ISC also provides external access to its provisioning, traffic profiling, and SLA monitoring features through CORBA/XML APIs.

In an MPLS network, a customer edge router (CE) is connected to a provider edge router (PE) in such a way that the customer's traffic is encapsulated and transparently sent to other CEs, thus creating a virtual private network. The Cisco ISC provisioning engine for MPLS accesses the configuration files on both the CE and PE to compute the necessary changes to the configuration files to support the service on the PE-CE link.

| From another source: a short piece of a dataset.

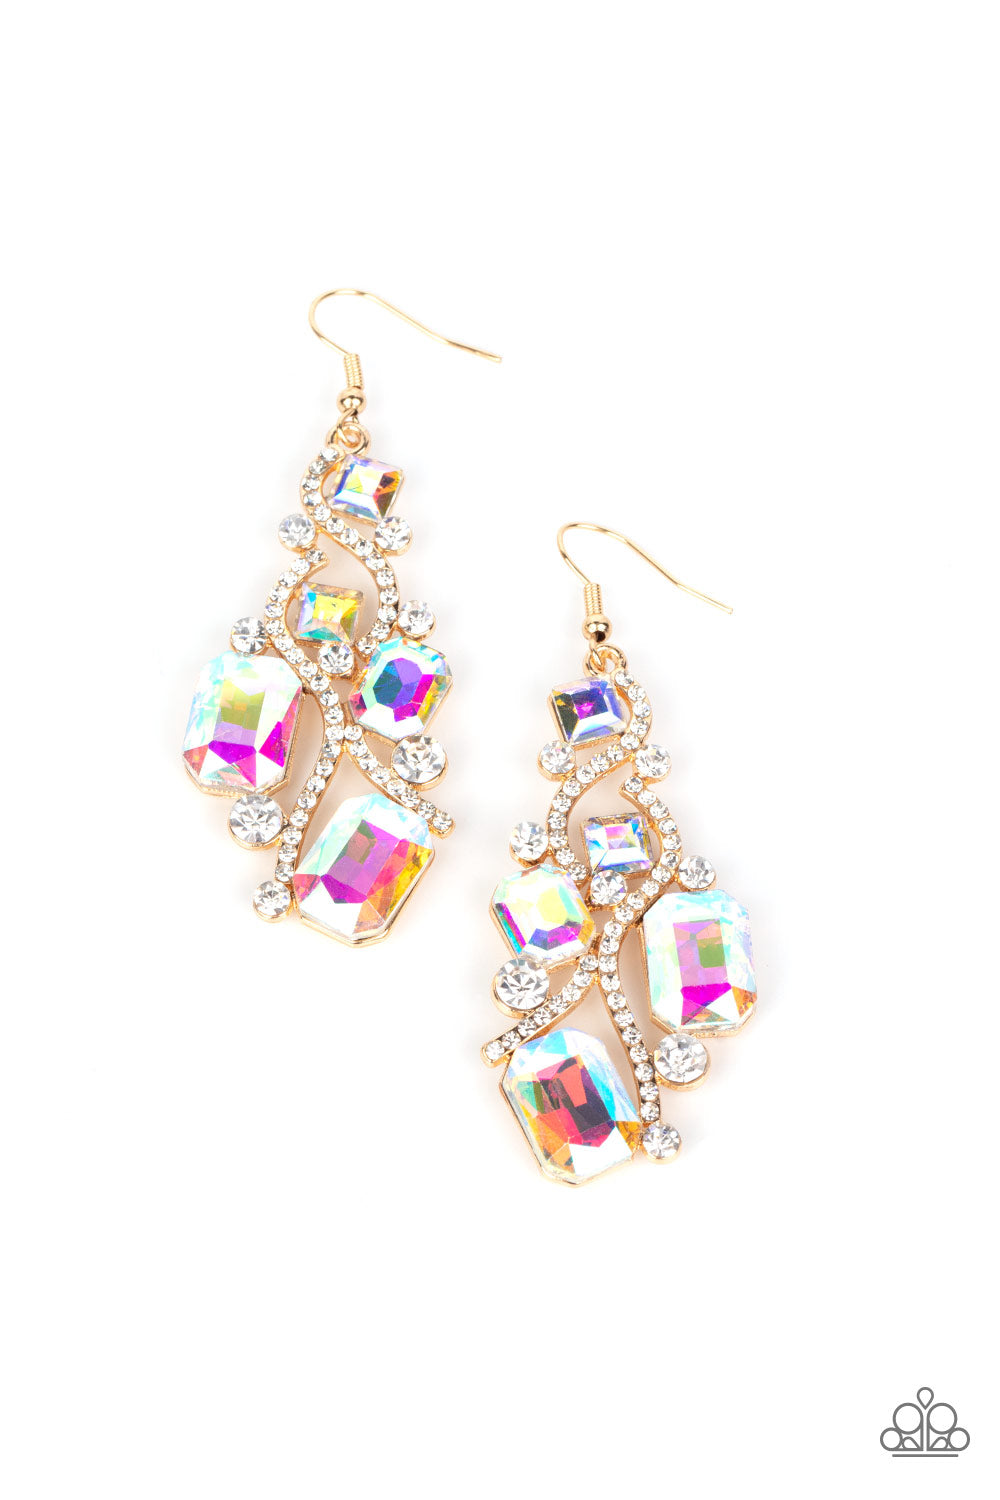 Paparazzi Interstellar Illumination - Multi Earrings - December 2021 Life Of The Party Exclusive - A Finishing Touch Jewelry

As shown in Figure A-1, Cisco requires that the Cisco ISC software is installed on its own dedicated system. The Cisco ISC workstation is optionally connected on a LAN to one or more Processing servers and Collection servers.

Figure A-1 Cisco ISC: MPLS VPN Management in the Service Provider Network

The principal Cisco ISC network elements are as follows:

ISC Network Management Subnet

The ISC Network Management Subnet is required when the service provider's service offering entails the management of CEs. The management subnet consists of the IP Solution Center workstation where ISC is installed on a Sun Solaris 8 system. On the same LAN, the service provider can optionally install one or more Processing servers.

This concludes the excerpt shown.